By analyzing existing cross correlation between Xcel Brands and H M Hennes, you can compare the effects of market volatilities on Xcel Brands and H M and check how they will diversify away market risk if combined in the same portfolio for a given time horizon. You can also utilize pair trading strategies of matching a long position in Xcel Brands with a short position of H M. Check out your portfolio center. Please also check ongoing floating volatility patterns of Xcel Brands and H M.

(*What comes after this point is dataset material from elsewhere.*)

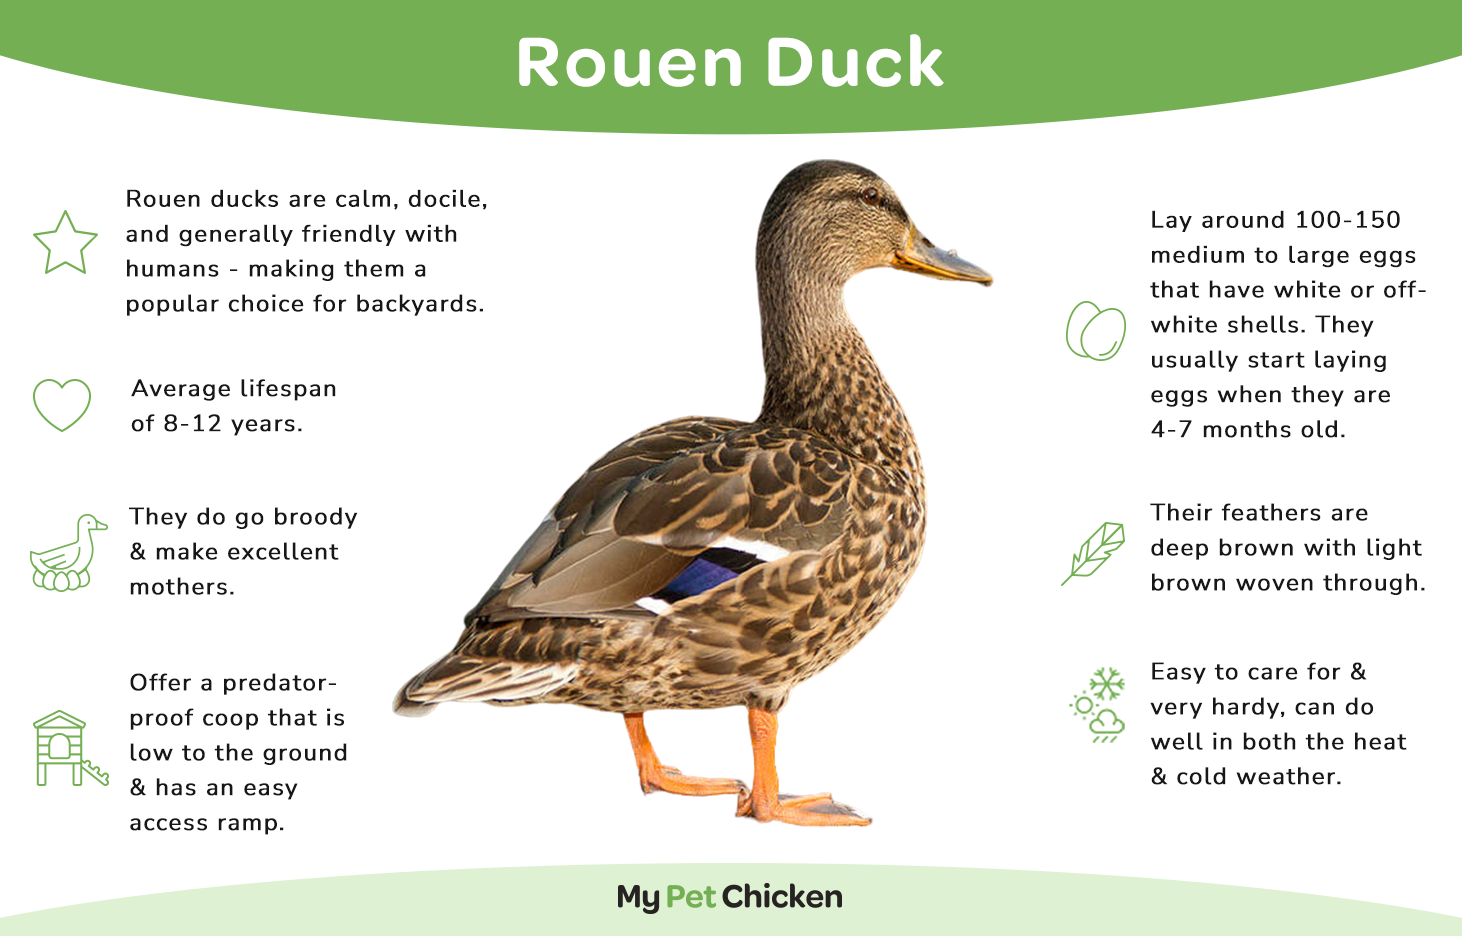 Rouen Duck breed

Diversification Opportunities for Xcel Brands and H M

-0.01
  Correlation Coefficient

Good diversification

The 3 months correlation between Xcel and HNNMY is -0.01. Overlapping area represents the amount of risk that can be diversified away by holding Xcel Brands and H M Hennes in the same portfolio, assuming nothing else is changed. The correlation between historical prices or returns on H M Hennes and Xcel Brands is a relative statistical measure of the degree to which these equity instruments tend to move together. The correlation coefficient measures the extent to which returns on Xcel Brands are associated (or correlated) with H M. Values of the correlation coefficient range from -1 to +1, where. The correlation of zero (0) is possible when the price movement of H M Hennes has no effect on the direction of Xcel Brands i.e., Xcel Brands and H M go up and down completely randomly.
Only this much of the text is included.